Science fiction in what medium? I think science fiction cinema has become about as dumb as it can get, but every so often we get something like Dark City and Primer or (hopefully) Moon and District 9 this year. On television, science fiction has been mostly reduced to trashy entertainment like Stargate, etc, but we've also gotten Battlestar Galactica in this decade. I can't comment on literary science fiction. I mostly read the classics, when I have the time for fiction.
From what I've read, it's mostly plateuaed out. The quality on some stuff is pretty good, it's polished, it's thought-out - but lacking in ideas and inspiration. Rarely do I find myself greatly intrigued by recent lit s/f.

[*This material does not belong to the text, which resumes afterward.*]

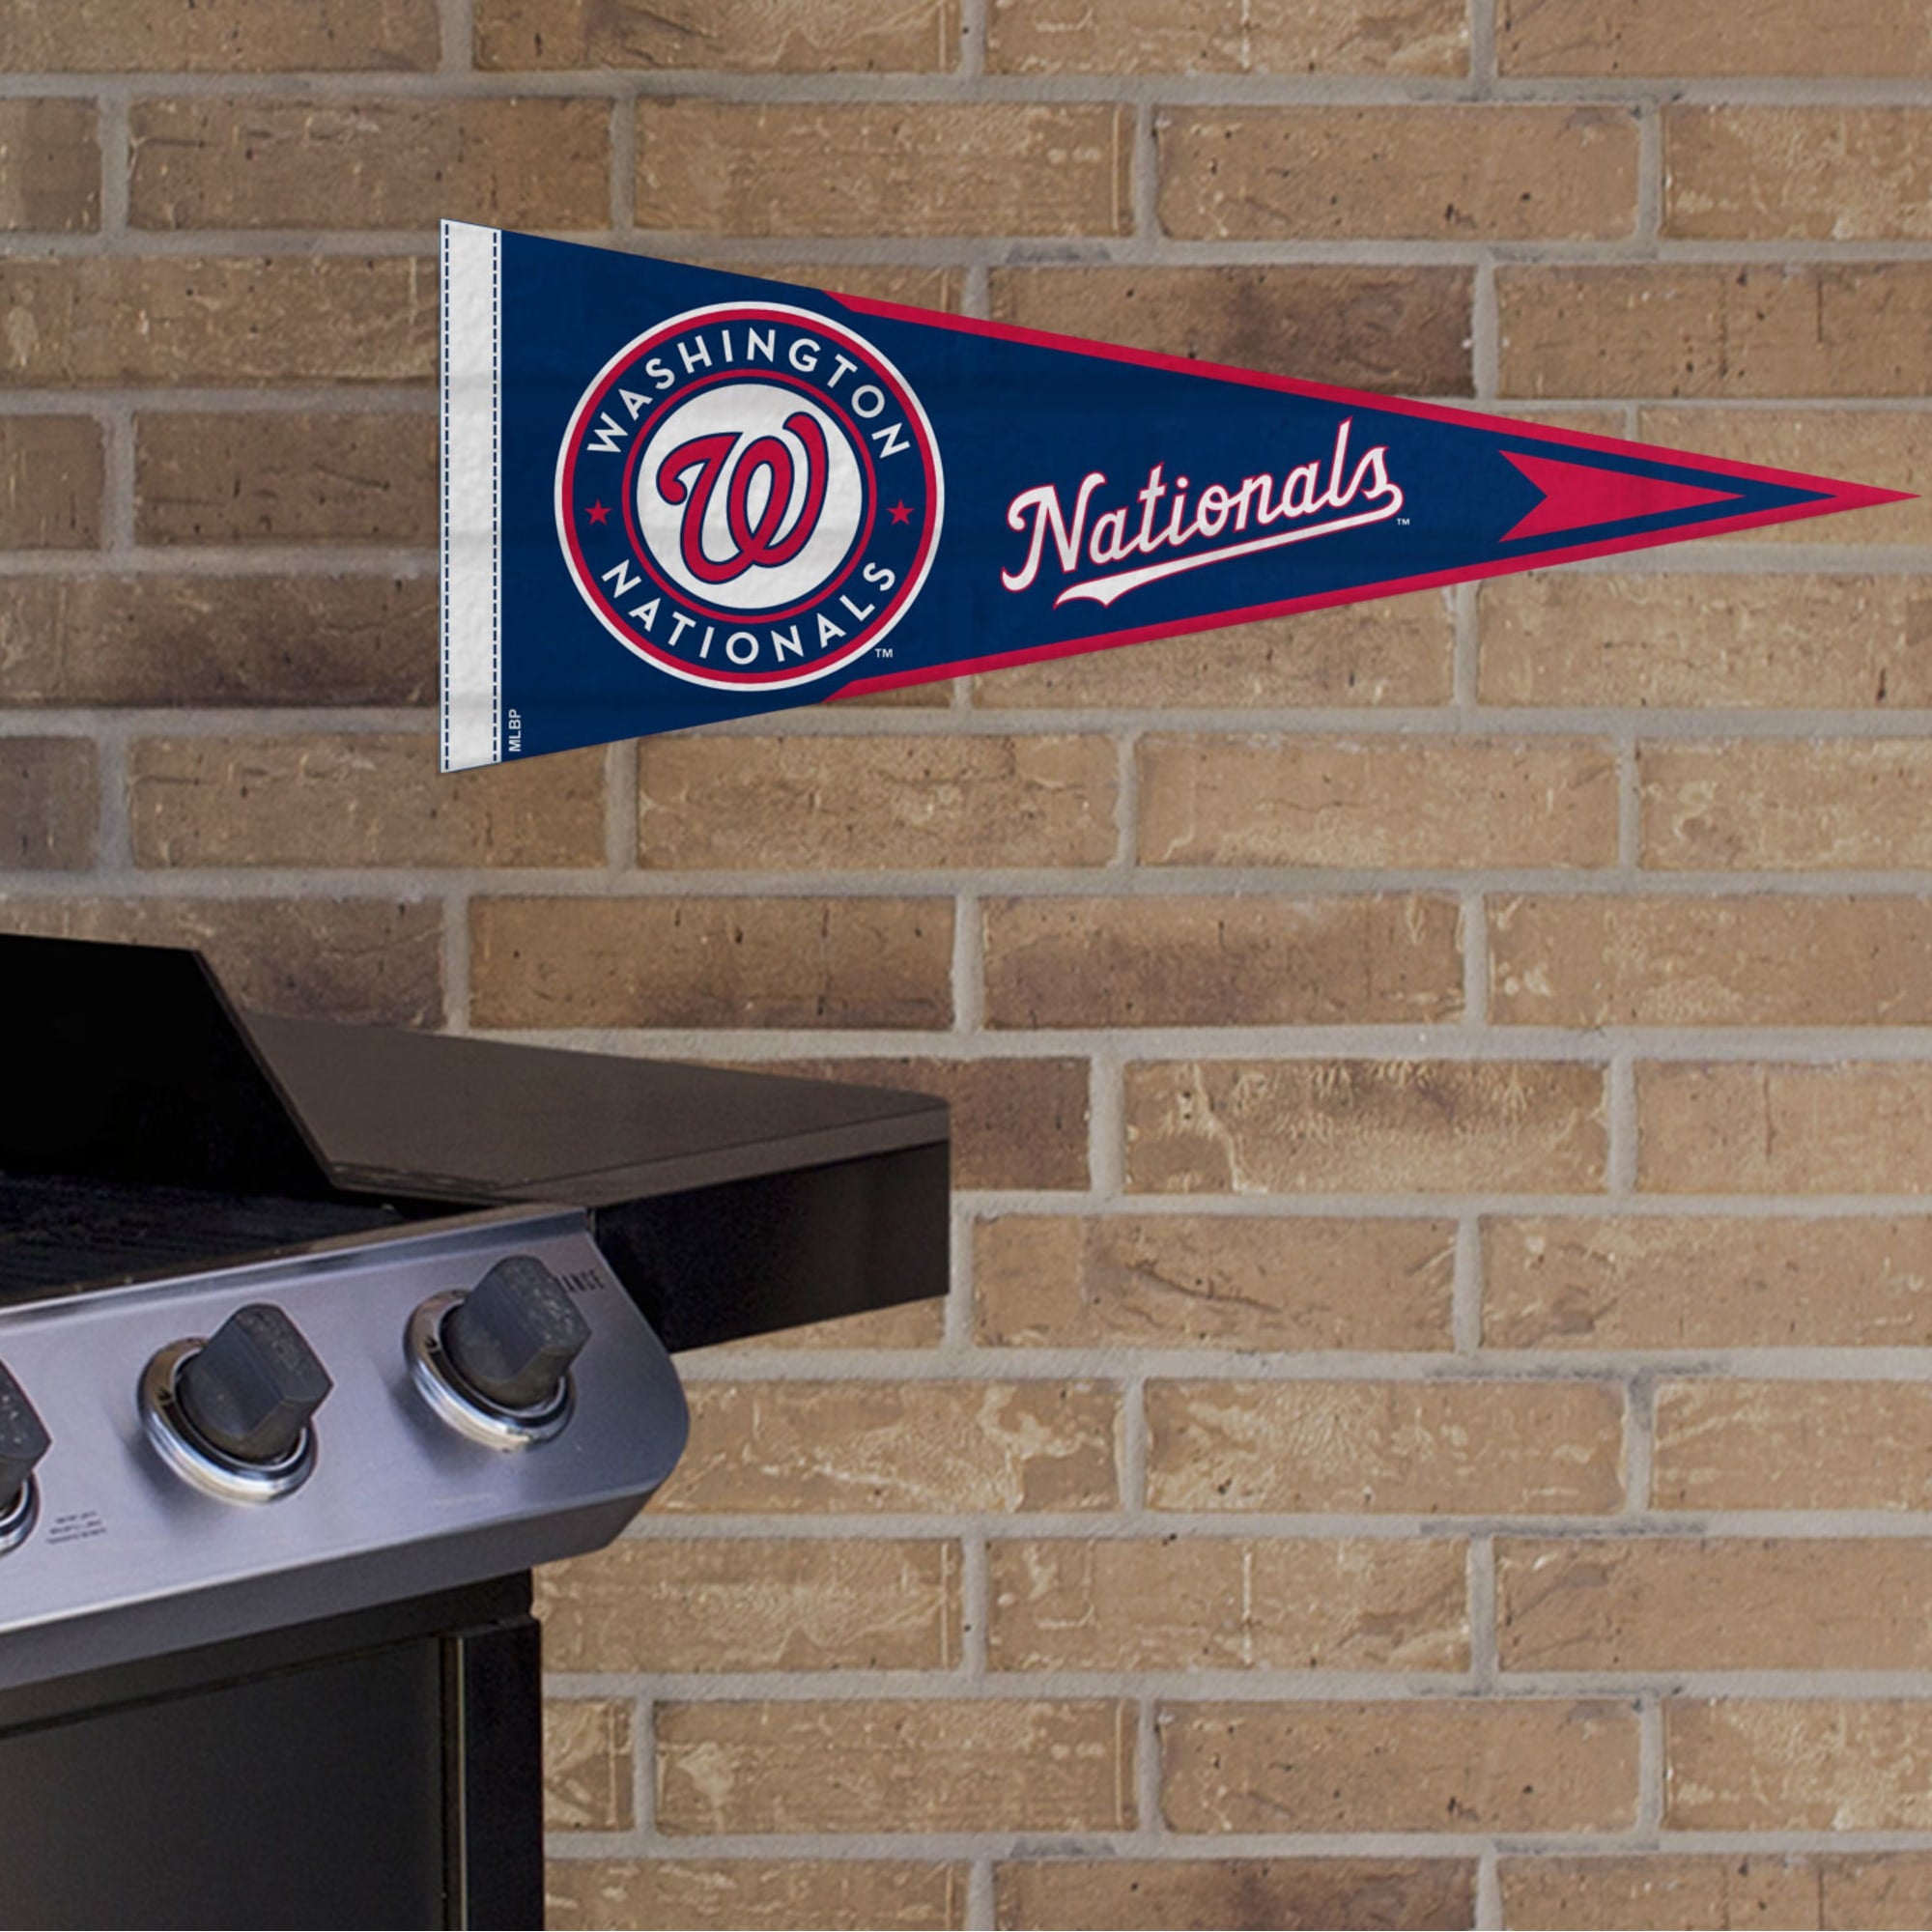 Washington Nationals: Pennant - Officially Licensed MLB Outdoor Graphic 24.0"W x 9.0"H by Fathead | Wood/Aluminum

I think a lot depends on what you expect. I don't think good science fiction has to be diamond hard SF, but it should have at least some sense of credibility (within its own worldbuilding context) along with a story worth telling and told in an effective manner. I can excuse certain films and TV shows depending on what they appear to be trying to achieve. Star Wars gets a lot of leeway because it isn't trying to be anything serious. Independence Day worked as a comedy of sorts, but when they initially tried to pass it off as dramatic it came off as shit. Something like Wall-E gets leeway because, again, it's a fun movie--a good thing, too, because there's lots in there that doesn't make sense. I'm looking forward to District 9 and hope it's something decent. Trek XI works and gets leeway if you perceive it like Star Wars. But it suffers if you compare it to what came before because it fails to achieve that adventure/drama balance that many people remember TOS for. I like I, Robot and Bicentennial Man better now than when I first saw them. No, they're not the books (or stories) but I felt they were decent in their own right.
Apparently it doesn't suffer, according to most. Not to me. I thought it struck that balance just fine.